The authors themselves introduce notes of caution regarding these claims from the labs, pointing out that the labs have incentives to describe their own momentum in the most forceful terms possible, and that their forecasts might not come true on the stated timelines. However, they argue that the organizational thesis holds up just as well without assuming the arrival of a superintelligence: it is enough to rely on what is already happening —work loops closing in domains where verification is strong— combined with the observation that technological capability diffuses and travels between domains.
The text cuts off just as it promises to address 'why this reaches you on a schedule you don't control', leaving undeveloped in the available material the sections on the review bottleneck in closed workflows, the three types of infrastructure that do not yet exist, the two directions in which the flywheel can spin (for good or for ill), which loops should be closed first, and the new gap between organizations according to their capacity for verification at machine speed.
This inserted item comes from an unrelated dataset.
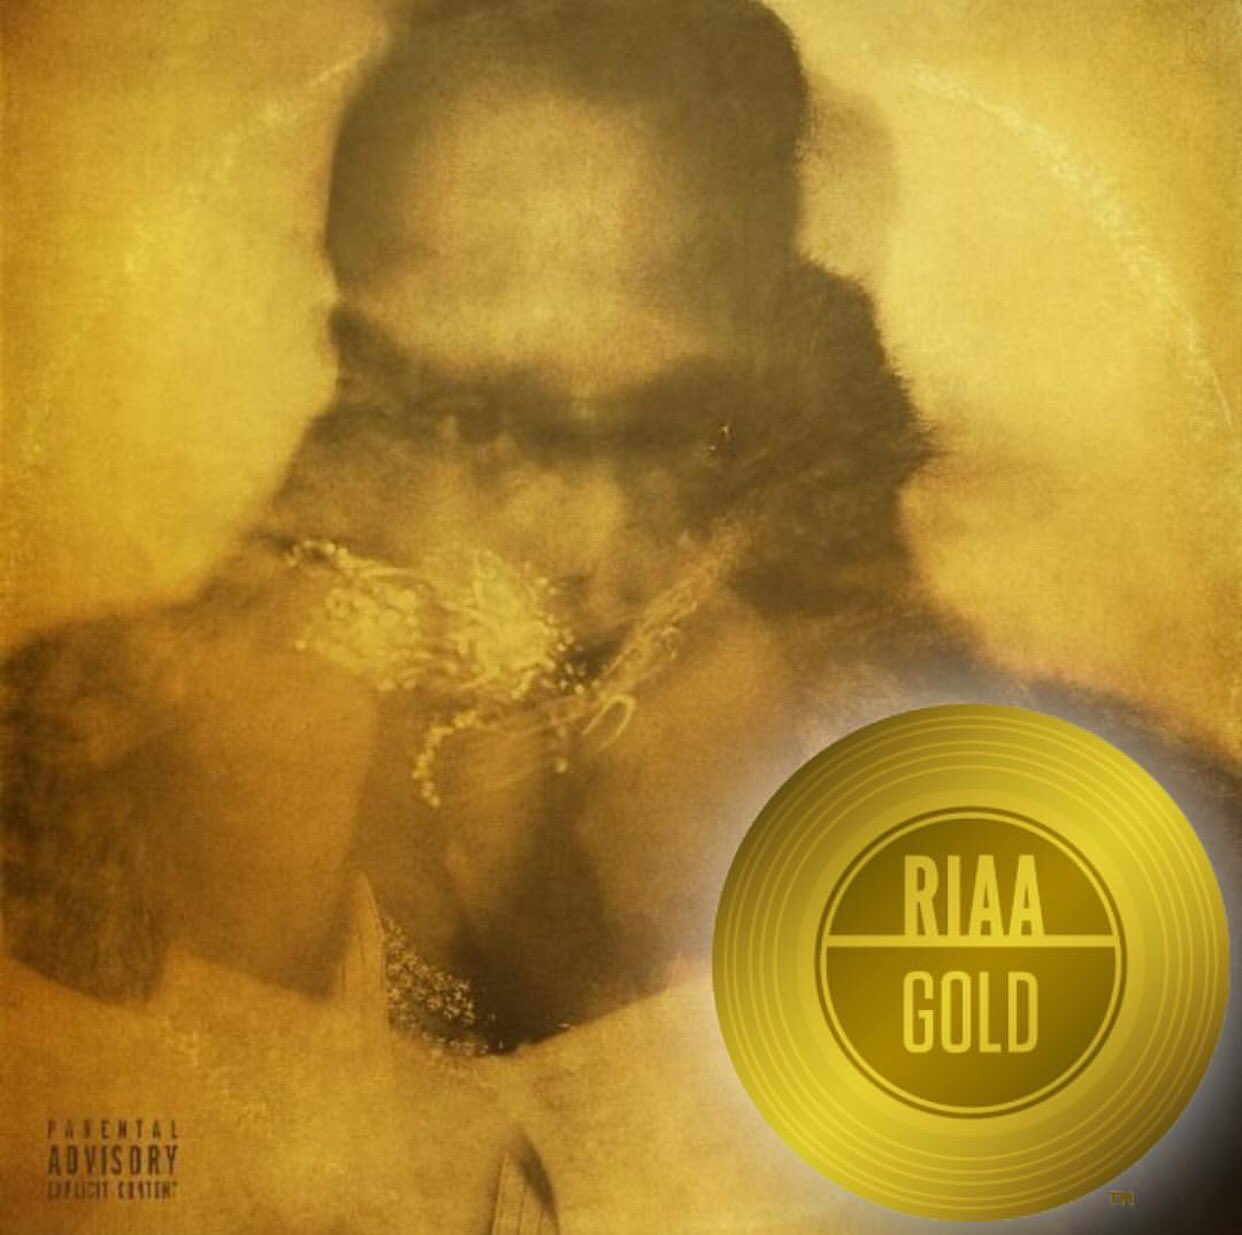 ��@1future has earned his FIFTH RIAA Album Award! #FUTURE is now Gold!�� #beEPIC �� @RIAA https://t.co/uvk7EsRLgA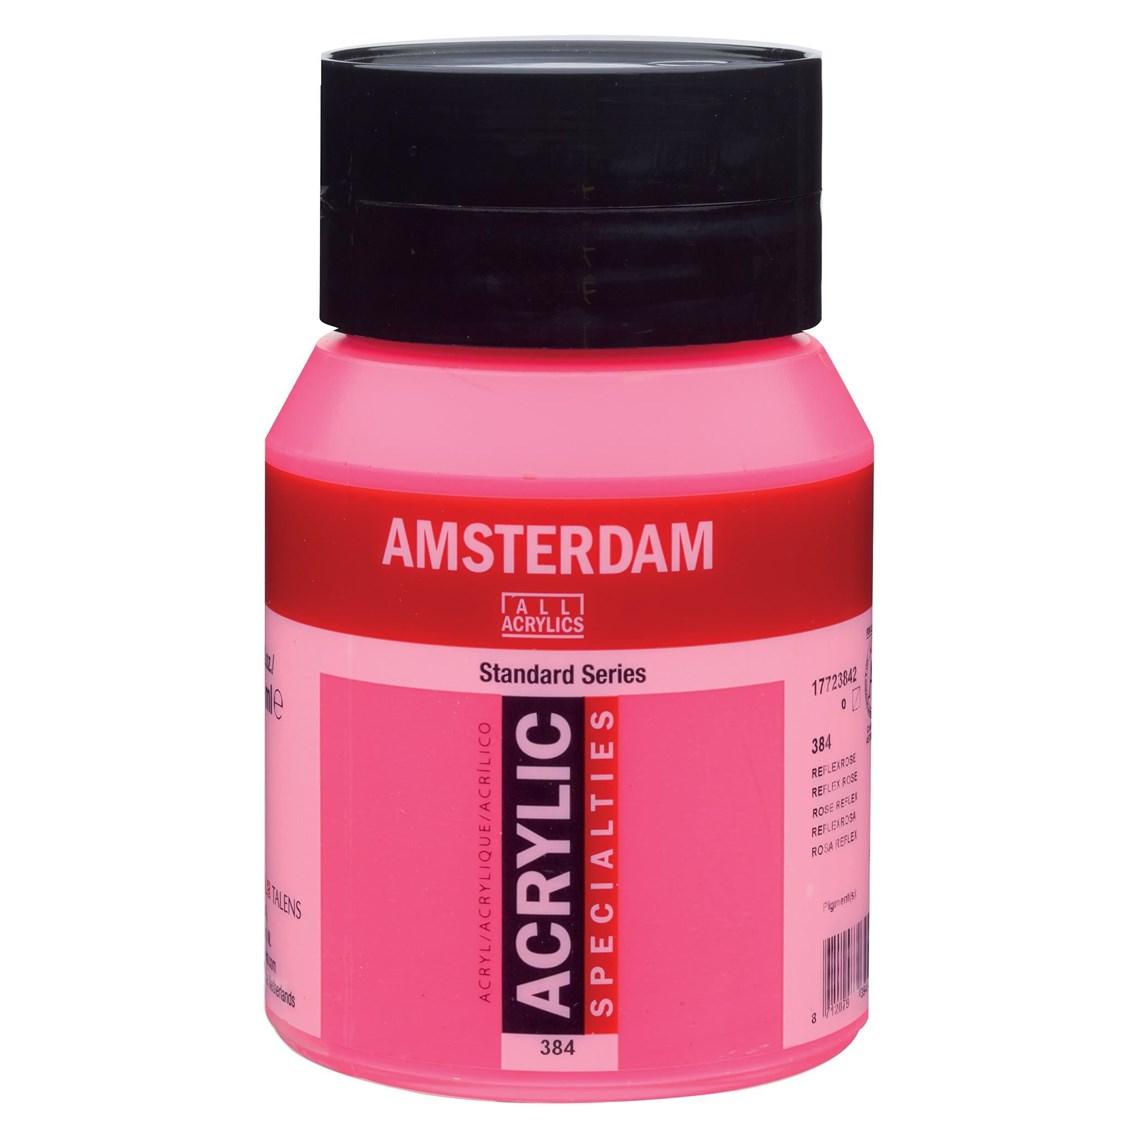 Amsterdam Acryl Reflexroze 384 specialties Angelart Kunst en zo

Nonetheless, the article's own final FAQ offers hints about these topics: it identifies the main risk of a flywheel as compounding error and reward hacking (since each run feeds the next, small errors propagate instead of remaining isolated, and the system may optimize a measured metric while losing sight of the original intent), and suggests as defenses regression evaluations, canary checks, drift detection, and always keeping a human who reviews the verifier instead of reviewing each individual output. It also hints, without developing it, that the workflows best suited to closing the loop first would be those of the synchronization-and-transformation, triage and monitoring patterns, while work based on 'good taste' or subjective judgment —such as writing outward-facing content— should be closed last, if it is closed at all.
Overall, the available fragment offers a clear and well-argued conceptual framework —pipeline, workflow, flywheel— and a powerful central thesis: the key to safe autonomy is not to eliminate the human, but to move their judgment into a robust verifier, and the strength of that verifier determines which tasks can be automated in a closed loop. For those who follow Manuel's newsletter, the immediate practical value is the question it poses to any organization: which workflows already have a verifier equivalent to a test suite, and which still depend entirely on human judgment as the only layer of control? That question, more than the figures about AI labs, seems to be the real actionable core of the article, though to learn the authors' concrete recommendations on infrastructure and prioritization one would have to access the full paid version.